October 28 – Elon Musk completes his $44 billion acquisition of Twitter.

###

April 25 – Elon Musk reaches an agreement to acquire the social media network Twitter (which he later rebrands as X) for $44 billion USD, which later closes in October.

---

Question: Who owns Twitter?
Answer:


# Step 4: Create a Function that Answers a Question

Our final step is to send that text prompt to a `Completion` model and parse the model output!

In [18]:
from openai import OpenAI
client = OpenAI()


COMPLETION_MODEL_NAME = "gpt-3.5-turbo"

def answer_question(
    question, df, max_prompt_tokens=1800, max_answer_tokens=150
):
    """
    Given a question, a dataframe containing rows of text, and a maximum
    number of desired tokens in the prompt and response, return the
    answer to the question according to an OpenAI Completion model
    
    If the model produces an error, return an empty string
    """
    
    prompt = create_prompt(question, df, max_prompt_tokens)
    #print(prompt)
    
    try:
        response = client.chat.completions.create(
            model=COMPLETION_MODEL_NAME,
            messages=[{"role": "user", "content": prompt}],
            #stream = True
            #max_tokens=max_answer_tokens
        )
        return response.choices[0].message.content.strip()
    except Exception as e:
        print(e)
        return ""
    
        

In [19]:
custom_ukraine_answer = answer_question("請用中文回答：When did Russia invade Ukraine?", df)
print(custom_ukraine_answer)

2022年2月21日至2月24日俄羅斯入侵烏克蘭。


In [20]:
custom_twitter_answer = answer_question("請用中文回答：誰擁有推特?", df)
print(custom_twitter_answer)

Elon Musk擁有推特。


Below we compare answers with and without our custom prompt:

In [21]:
print(f"""
When did Russia invade Ukraine?

Original Answer: {initial_ukraine_answer}

Custom Answer:   {custom_ukraine_answer}

Who owns Twitter?

Original Answer: {initial_twitter_answer}

Custom Answer:   {custom_twitter_answer}
""")


When did Russia invade Ukraine?

Original Answer: Russia's invasion of Ukraine began in February 2014 when Russian troops occupied Crimea, a region of Ukraine.
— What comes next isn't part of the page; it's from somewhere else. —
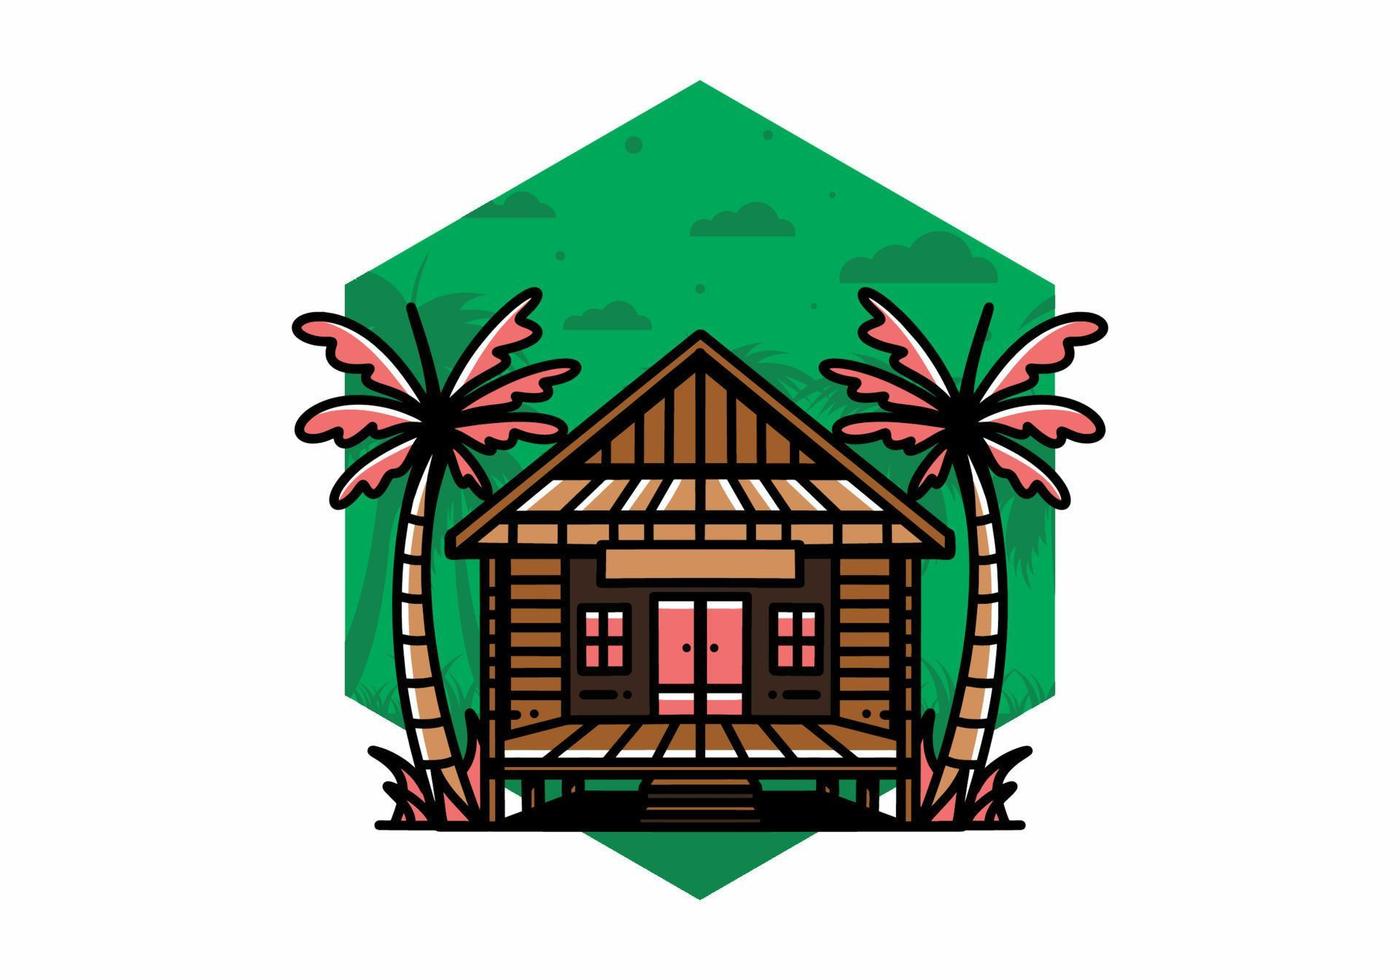 hout huis Aan de strand illustratie insigne ontwerp vector

This marked the start of a conflict that has continued since then, with ongoing fighting in Eastern Ukraine.

Custom Answer:   2022年2月21日至2月24日俄羅斯入侵烏克蘭。

Who owns Twitter?

Original Answer: Twitter Inc. is a publicly traded company, meaning it is owned by shareholders who own stock in the company. The largest shareholders of Twitter Inc. are institutional investors such as mutual funds, pension funds, and hedge funds, as well as individual investors who own shares of the company. The co-founders and early investors of Twitter also own a significant portion of the company's stock.

Custom Answer:   Elon Musk擁有推特。